The sampling errors are fully described in Appendix B of " Angola Malaria Indicator Survey 2006-2007 - Final Report" pp.47-52.
A series of data quality tables are available to review the quality of the data and include the following:
- Household age distribution
- Age distribution of eligible and interviewed women
- Births by calendar years
- Reporting of age at death in days
- Reporting of age at death in months
The results of each of these data quality tables are shown in Appendix C of "Angola Malaria Indicator Survey 2006-2007 - Final Report" pp.53-56.
Data and Data Related Resources
MEASURE DHS believes that widespread access to survey data by responsible researchers has enormous advantages for the countries concerned and the international community in general. Therefore, MEASURE DHS policy is to release survey data to researchers after the main survey report is published, generally within 12 months after the end of fieldwork. with few limitations these data have been made available for wide use.
DISTRIBUTION OF DATASETS
MEASURE DHS is authorized to distribute, at no cost, unrestricted survey data files for legitimate academic research, with the condition that we receive a description of any research project that will be using the data.
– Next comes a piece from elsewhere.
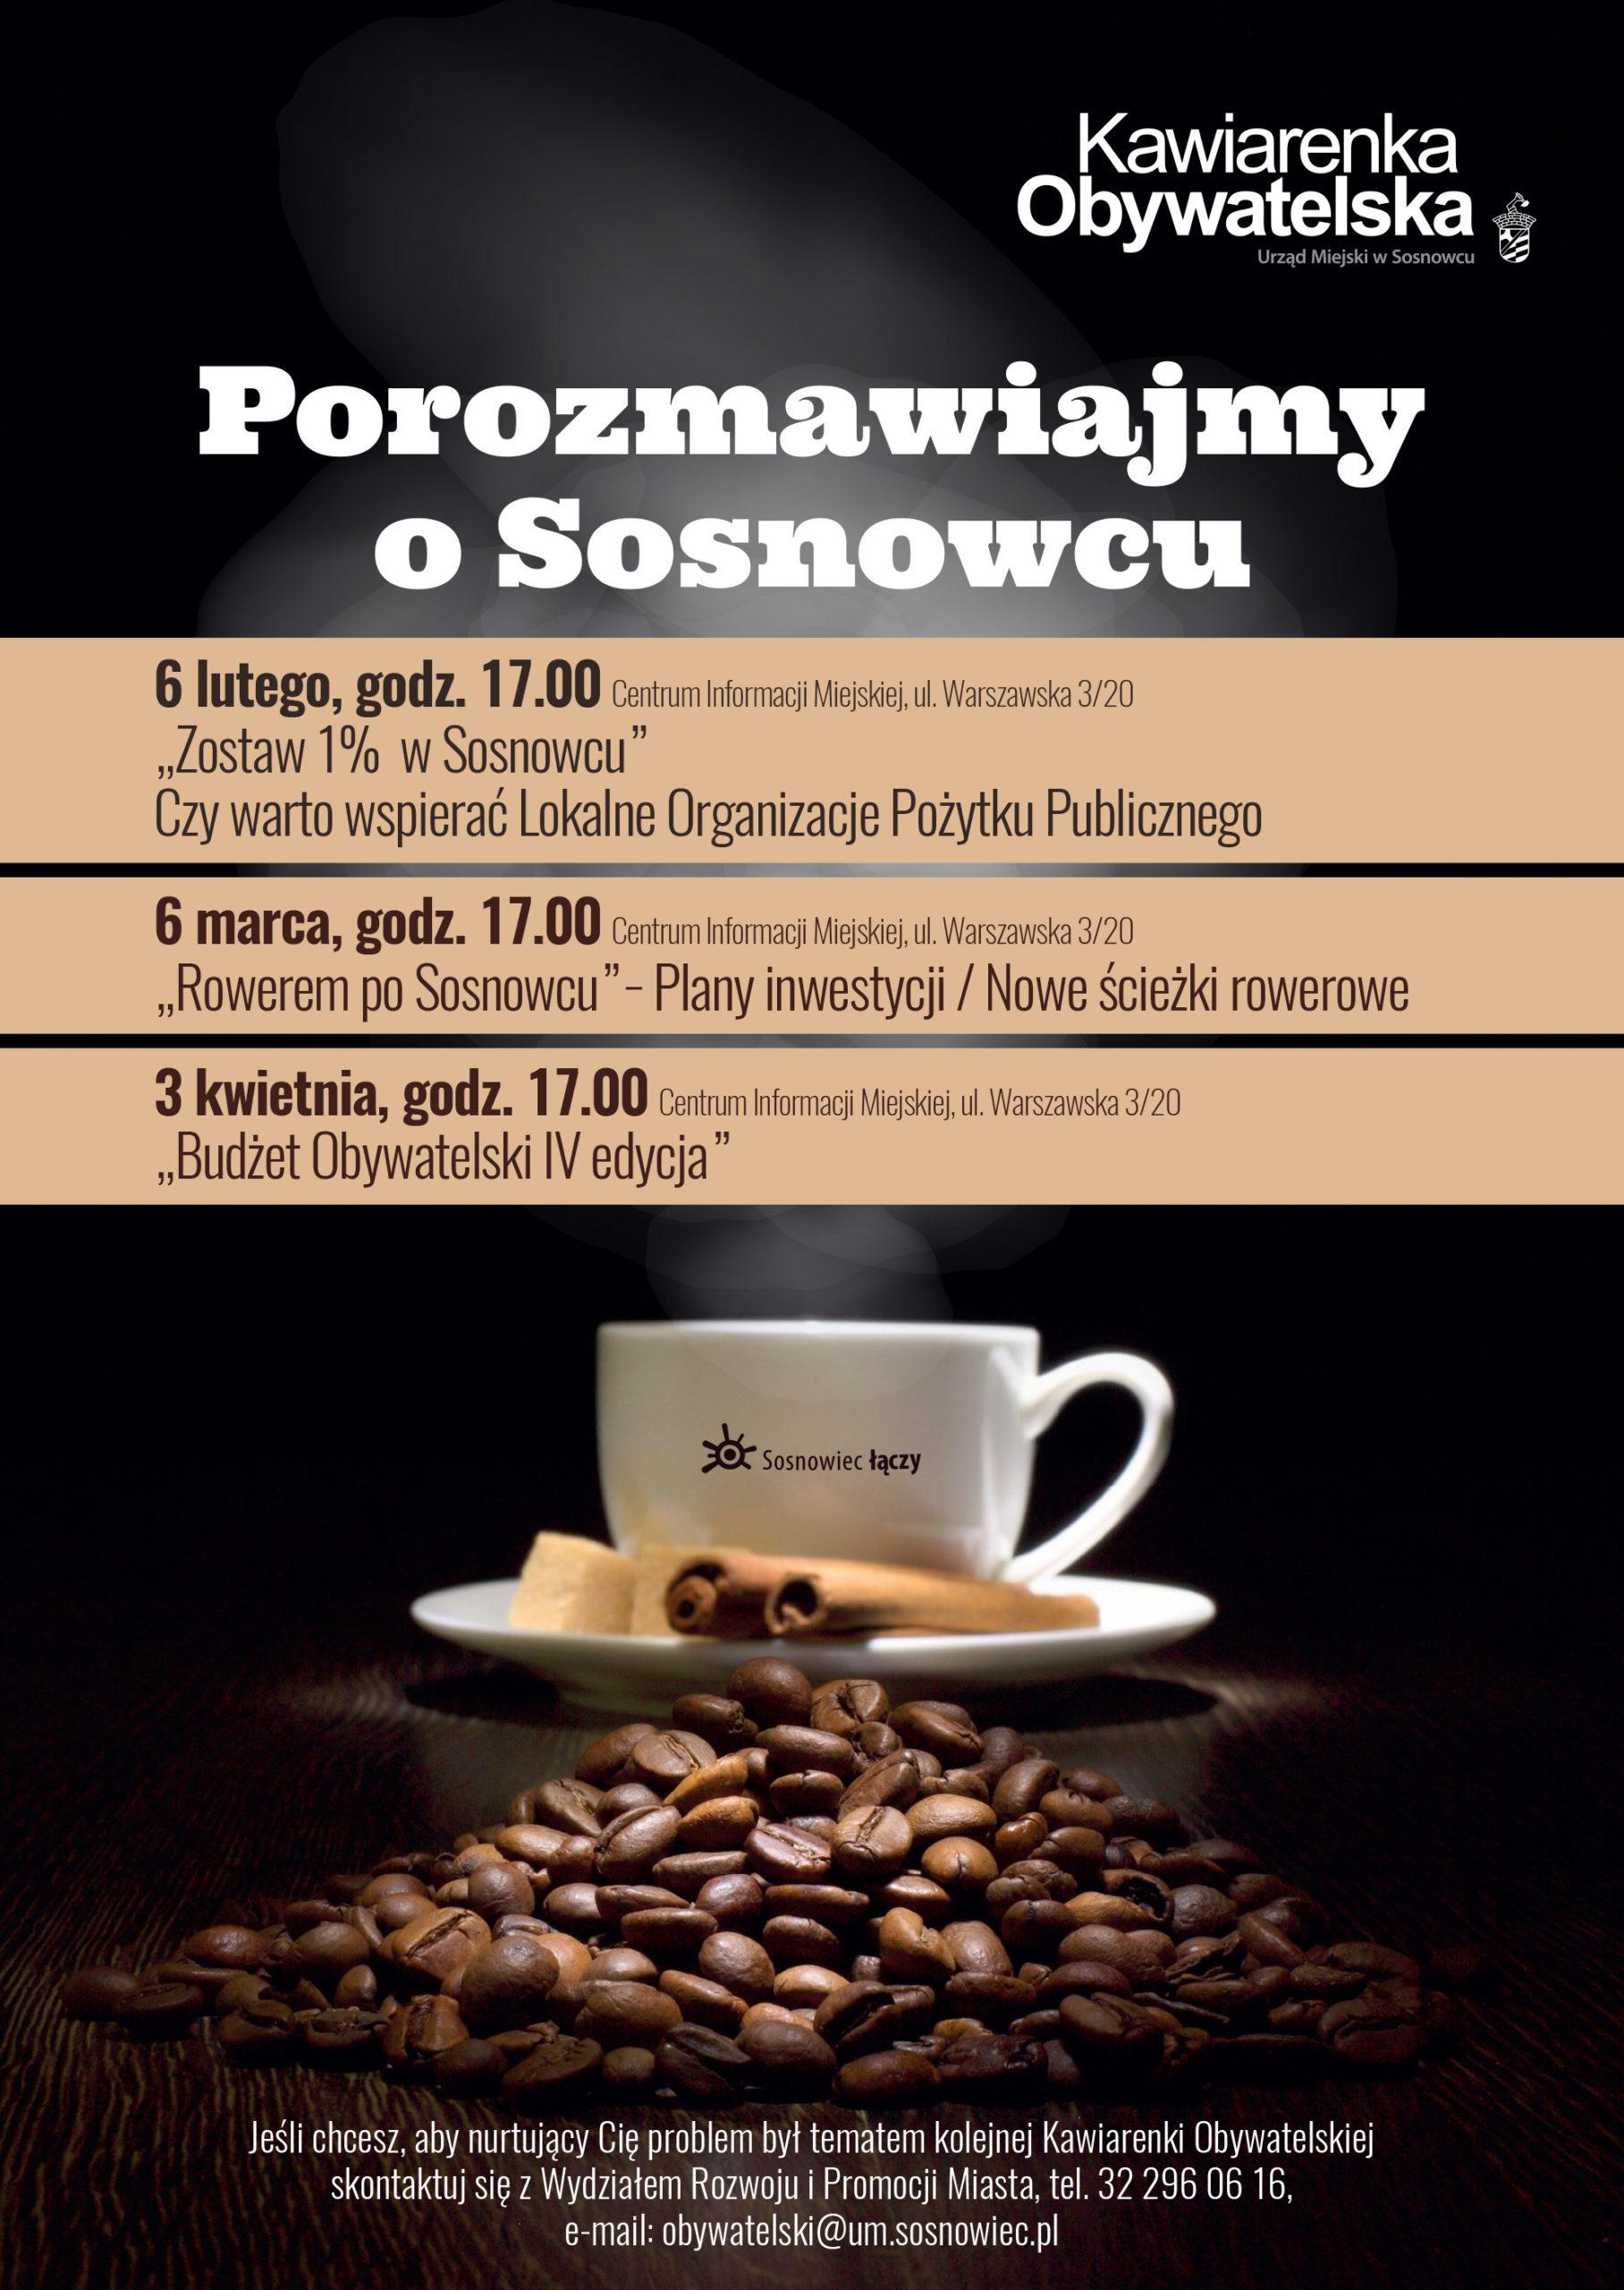 kawiarenka obywatelska OPP plakat

Registration is required for access to data.
Datasets are available for download to all registered users, free of charge. To download datasets, you must first register online and request the country(ies) and datasets that you are interested in. When submitting a dataset request, users must include a brief description of how the data will be used.
Datasets are made available with the following conditions:
- Survey data files are distributed by MEASURE DHS for academic research/statistical analysis. Researchers need to provide a description of any research/analysis that will be using the data, before access is granted to the datasets.
- Once downloaded, the datasets must not be passed on to other researchers without the written consent of MEASURE DHS.
- All reports and publications based on the requested data must be sent to the MEASURE DHS Data Archive as a Portable Format Document (pdf) or a hard copy, for us to forward to the country(ies) whose data have been used.
Use of the dataset must be acknowledged using a citation which would include:
- the Identification of the Primary Investigator
- the title of the survey (including acronym and year of implementation)
- the survey reference number
- the source and date of download
Consultoria de Servicos e Pesquisas–COSEP Lda., Consultoria de Gestao e Administracao em Saúde–Consaúde Lda. [Angola], and Macro International Inc. Angola Malaria Indicator Survey 2006-07. Ref. AGO_2006_MIS_v01_M. Dataset downloaded from www.measuredhs.com on [date]
Disclaimer and copyrights
The user of the data acknowledges that the original collector of the data, the authorized distributor of the data, and the relevant funding agency bear no responsibility for use of the data or for interpretations or inferences based upon such uses.